Task instructions:
Everything in the entries below must be reproduced exactly, except the images.
.....
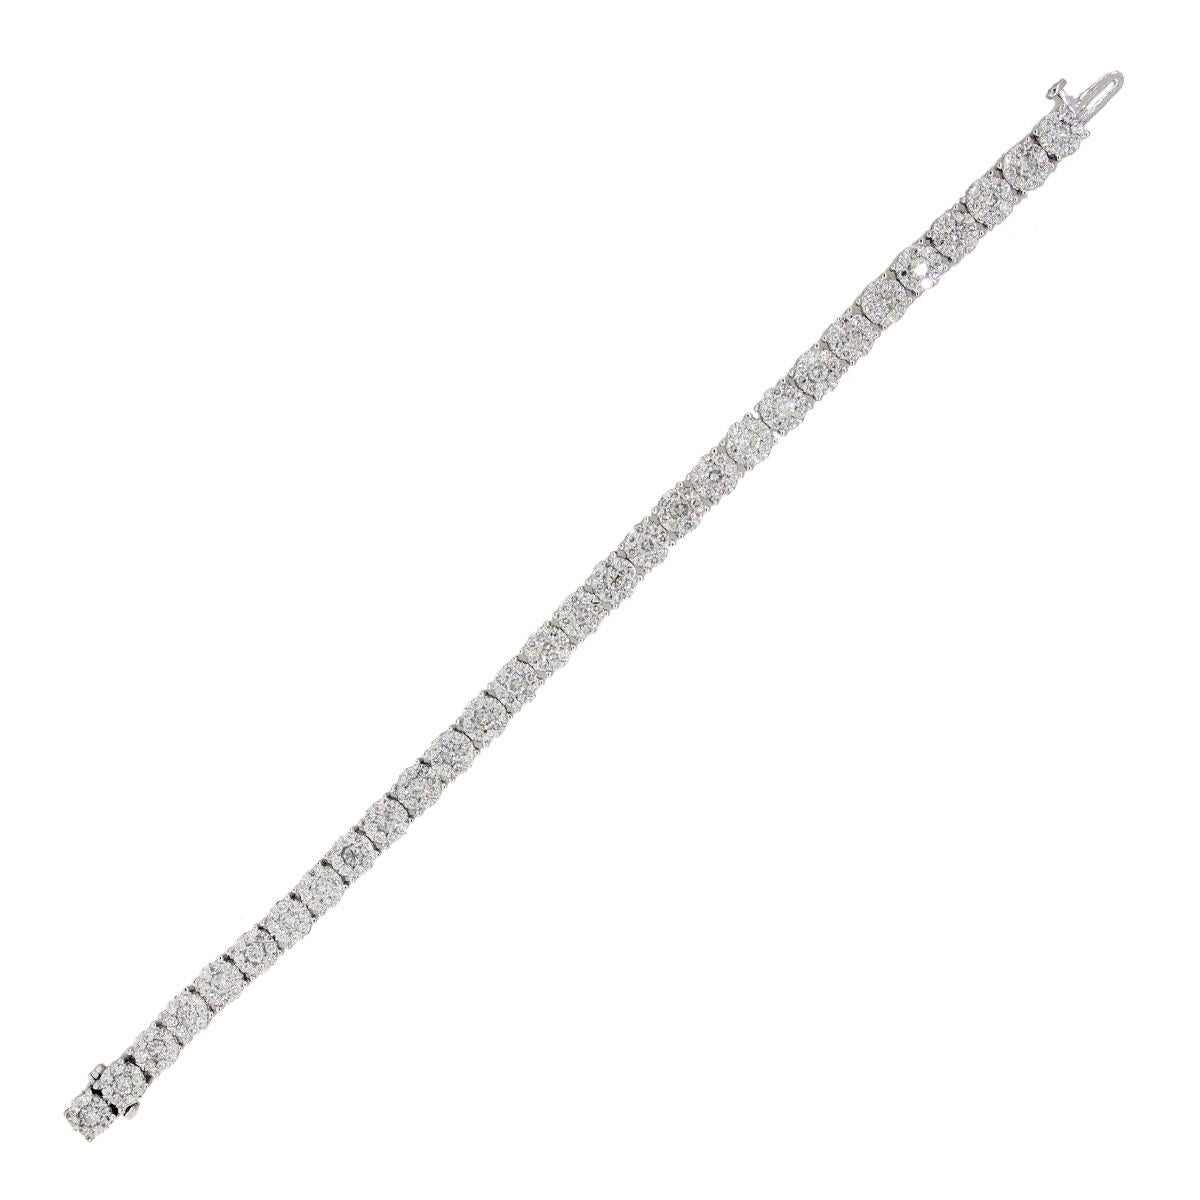 Material: 14k white gold
Diamond Details: Approximately 6ctw of round brilliant diamonds. Diamonds are G/S in color and I1 in clarity.
Measurements: 7″ in length
Clasp: Tongue in box clasp
Total Weight: 15.2g (9.8dwt)
Additional Details: This item
.....
Task answer:
 Material: 14k white gold
Diamond Details: Approximately 6ctw of round brilliant diamonds. Diamonds are G/S in color and I1 in clarity.
Measurements: 7″ in length
Clasp: Tongue in box clasp
Total Weight: 15.2g (9.8dwt)
Additional Details: This item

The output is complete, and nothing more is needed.